(Stored data Opens)

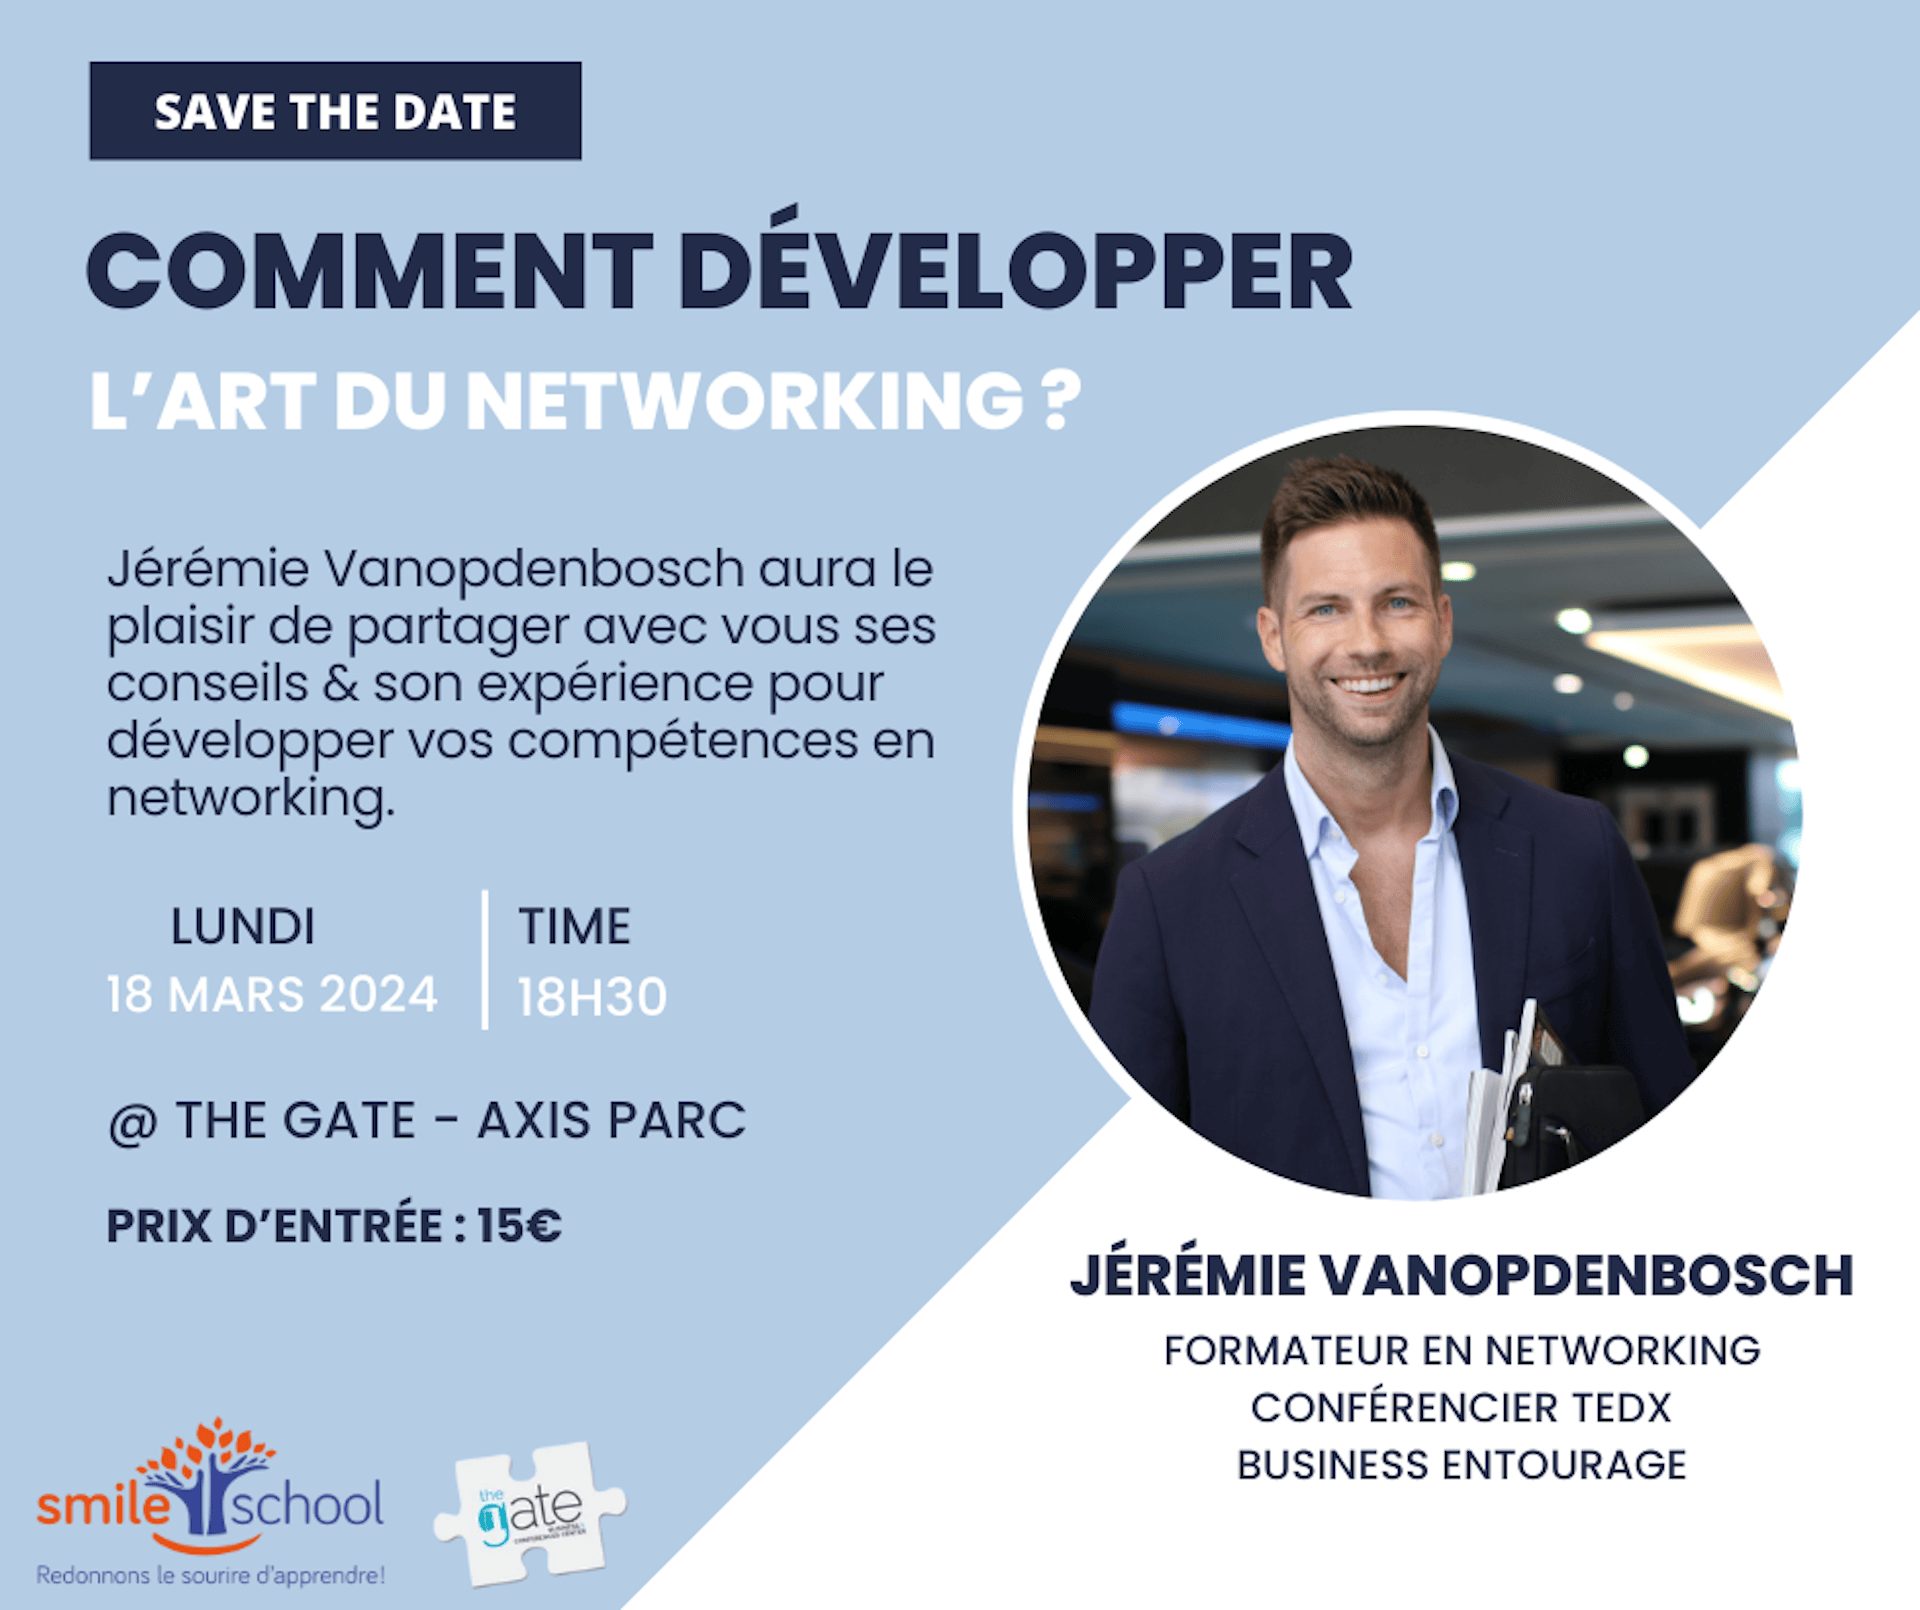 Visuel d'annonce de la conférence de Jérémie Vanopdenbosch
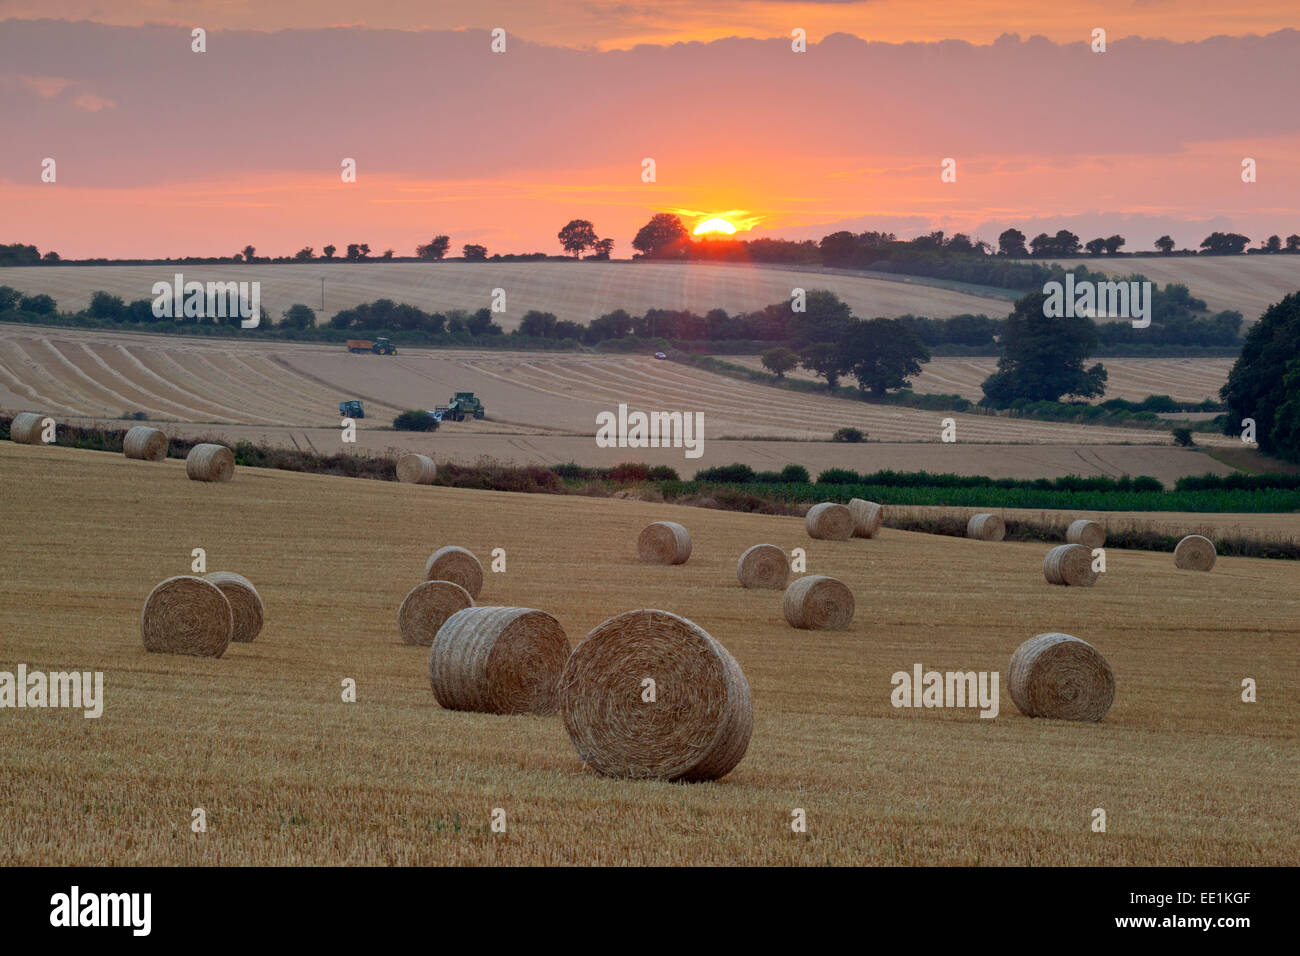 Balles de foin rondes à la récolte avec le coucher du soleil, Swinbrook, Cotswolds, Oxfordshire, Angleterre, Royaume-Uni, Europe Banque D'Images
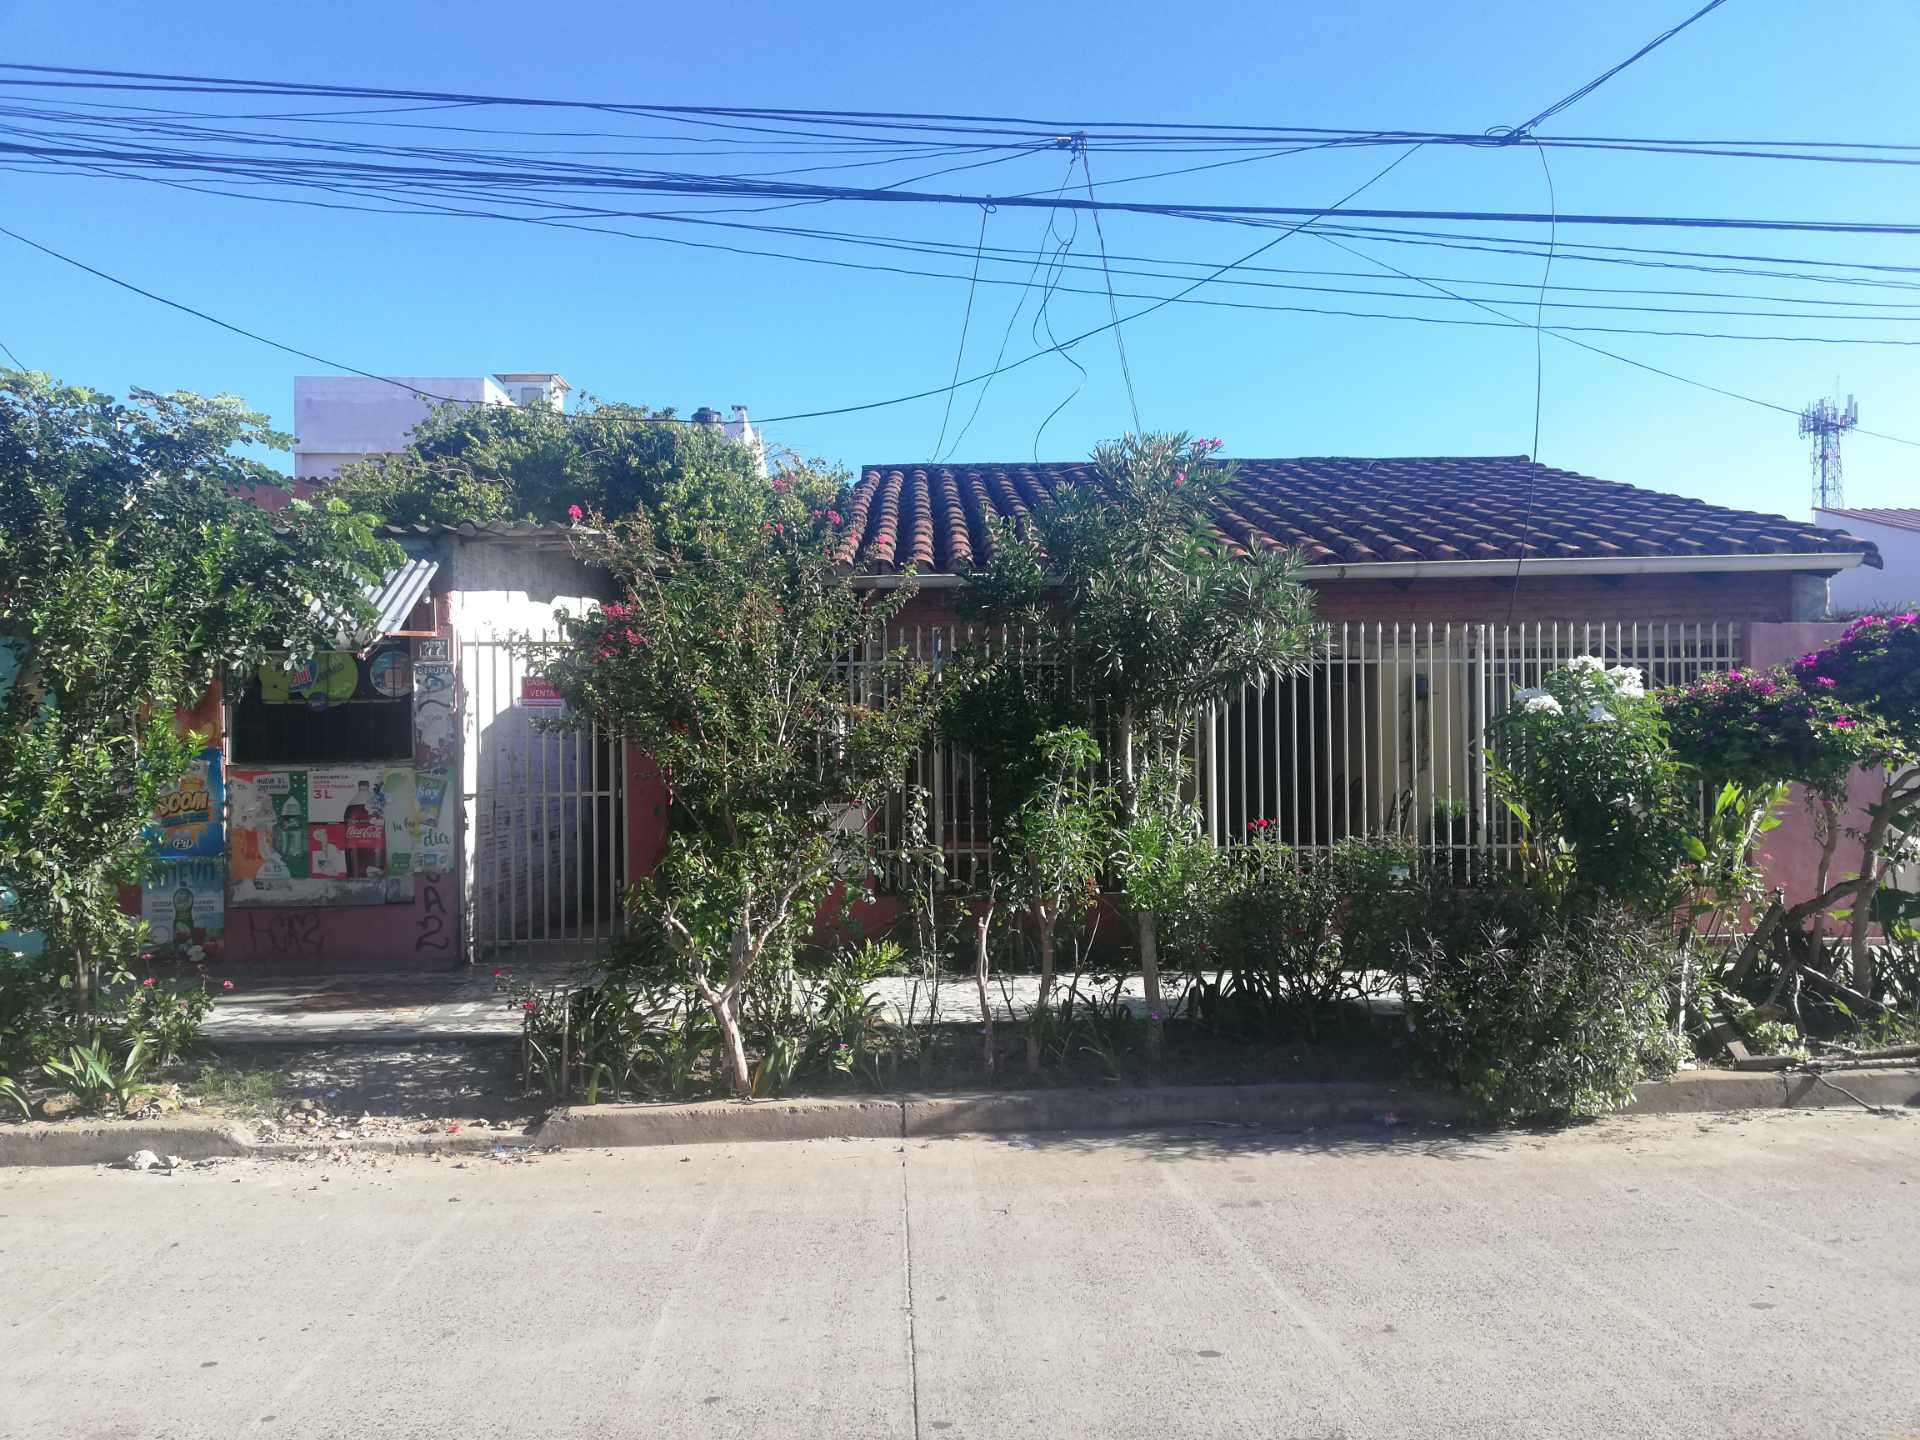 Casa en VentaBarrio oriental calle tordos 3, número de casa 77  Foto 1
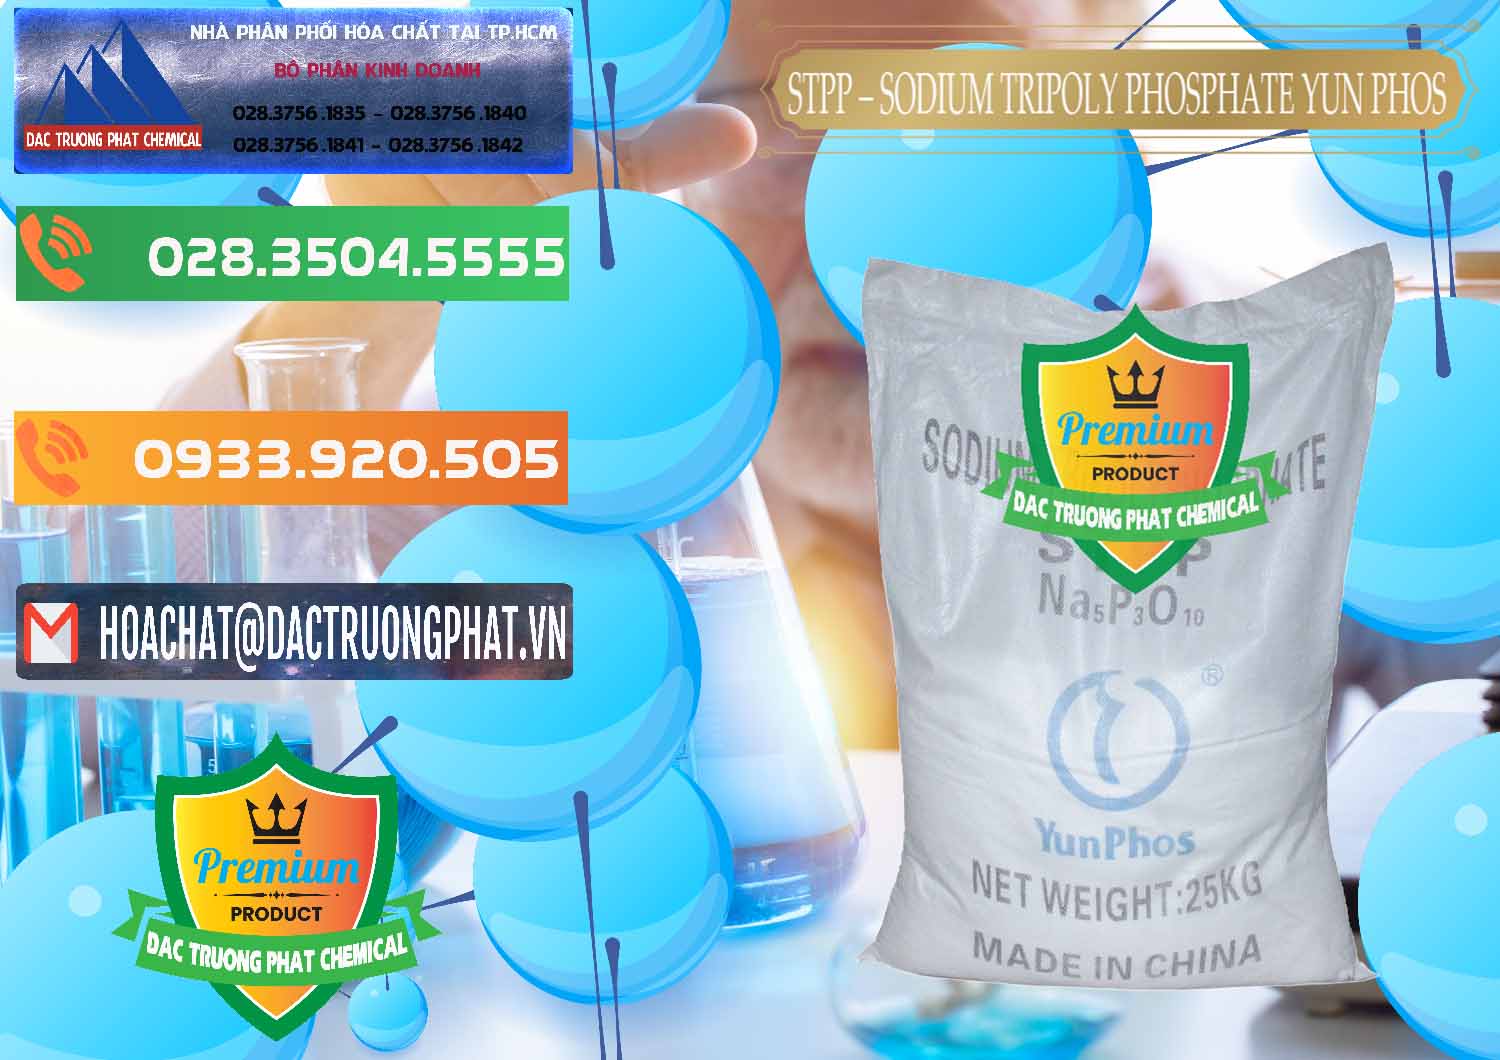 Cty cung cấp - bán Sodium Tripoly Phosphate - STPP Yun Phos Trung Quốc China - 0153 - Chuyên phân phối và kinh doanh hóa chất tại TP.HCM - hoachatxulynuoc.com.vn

(Stored data Closes)

Your copy should hold only the lines from the one containing "Balles de foin" through the last line of the listing, both included, retyped exactly and free of pictures.

• Output for this task:
 Balles de foin rondes à la récolte avec le coucher du soleil, Swinbrook, Cotswolds, Oxfordshire, Angleterre, Royaume-Uni, Europe Banque D'Images
 Casa en VentaBarrio oriental calle tordos 3, número de casa 77  Foto 1
 Cty cung cấp - bán Sodium Tripoly Phosphate - STPP Yun Phos Trung Quốc China - 0153 - Chuyên phân phối và kinh doanh hóa chất tại TP.HCM - hoachatxulynuoc.com.vn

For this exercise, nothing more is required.